A novel component, Multi‑Frequency Gated Convolution (MFGC), is integrated into the TP‑Mamba adapters. MFGC applies a 3‑D discrete cosine transform (DCT) to extract frequency‑domain features, then combines them with spatial features through an adaptive gating mechanism. This joint spatial‑frequency analysis suppresses high‑frequency noise while emphasizing low‑frequency anatomical structures, improving robustness on noisy medical scans.

Experiments are conducted on the ACDC cardiac MRI dataset, which includes four cardiac structures (right ventricle, myocardium, left ventricle, and blood pool). The dual‑branch Mamba‑SAM‑Base achieves a mean Dice of 0.906, matching UNet++ and outperforming it on myocardium (0.910) and left ventricle (0.971). The adapter‑based TP‑MFGC variant runs at 4.77 frames per second (FPS) with a mean Dice of 0.880, demonstrating a favorable speed‑accuracy trade‑off. Compared against a range of baselines—including 3‑D U‑Net, Swin‑UNet, MedSAM, and recent Mamba‑based segmentation models—the proposed methods consistently deliver comparable or superior performance while using far fewer trainable parameters and requiring less GPU memory.

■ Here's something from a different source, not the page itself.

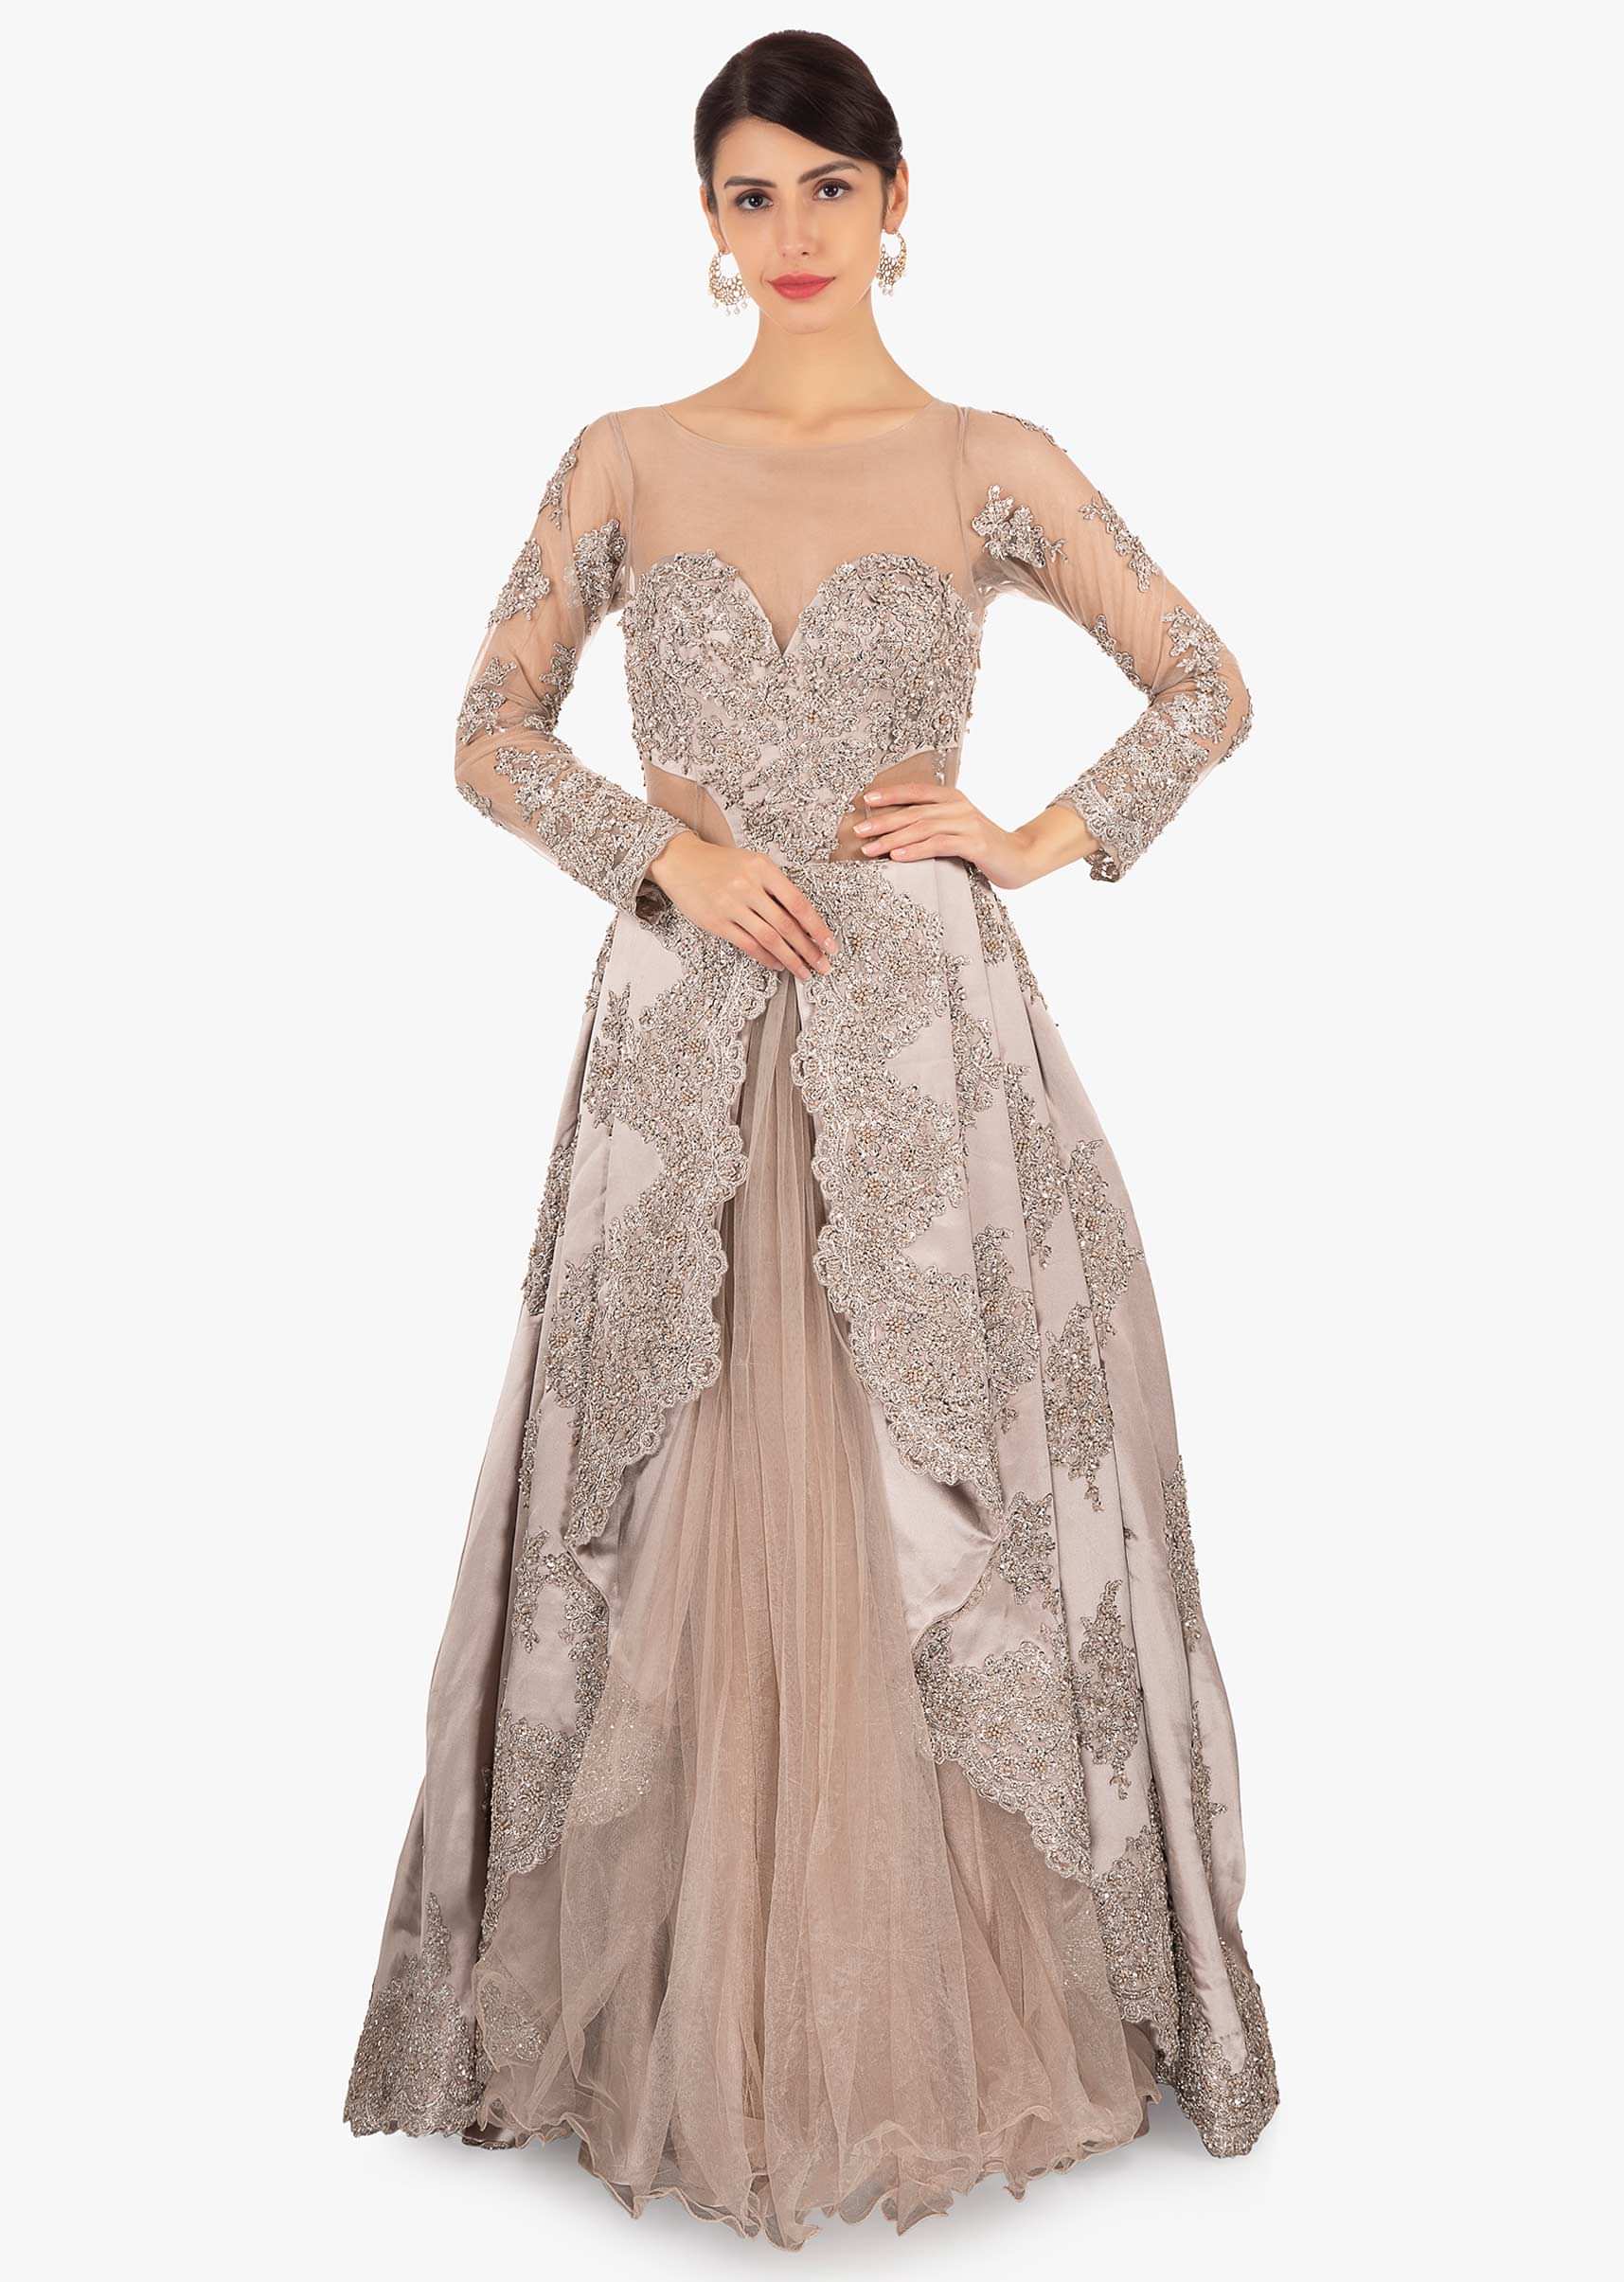 Grey satin gown with chord work and net under layer

Key contributions are: (1) a hybrid framework that leverages SAM’s massive pre‑trained knowledge without fine‑tuning its parameters; (2) two distinct PEFT strategies—dual‑branch cross‑attention and internal TP‑Mamba adapters—that enable efficient 3‑D context modeling; (3) the introduction of MFGC for joint spatial‑frequency feature enhancement; and (4) thorough empirical validation showing that the hybrid approach attains state‑of‑the‑art accuracy with markedly reduced computational overhead. The work opens avenues for extending foundation‑model adaptation to other volumetric modalities (e.g., CT, PET) and for integrating such lightweight, high‑performance segmenters into real‑time clinical workflows.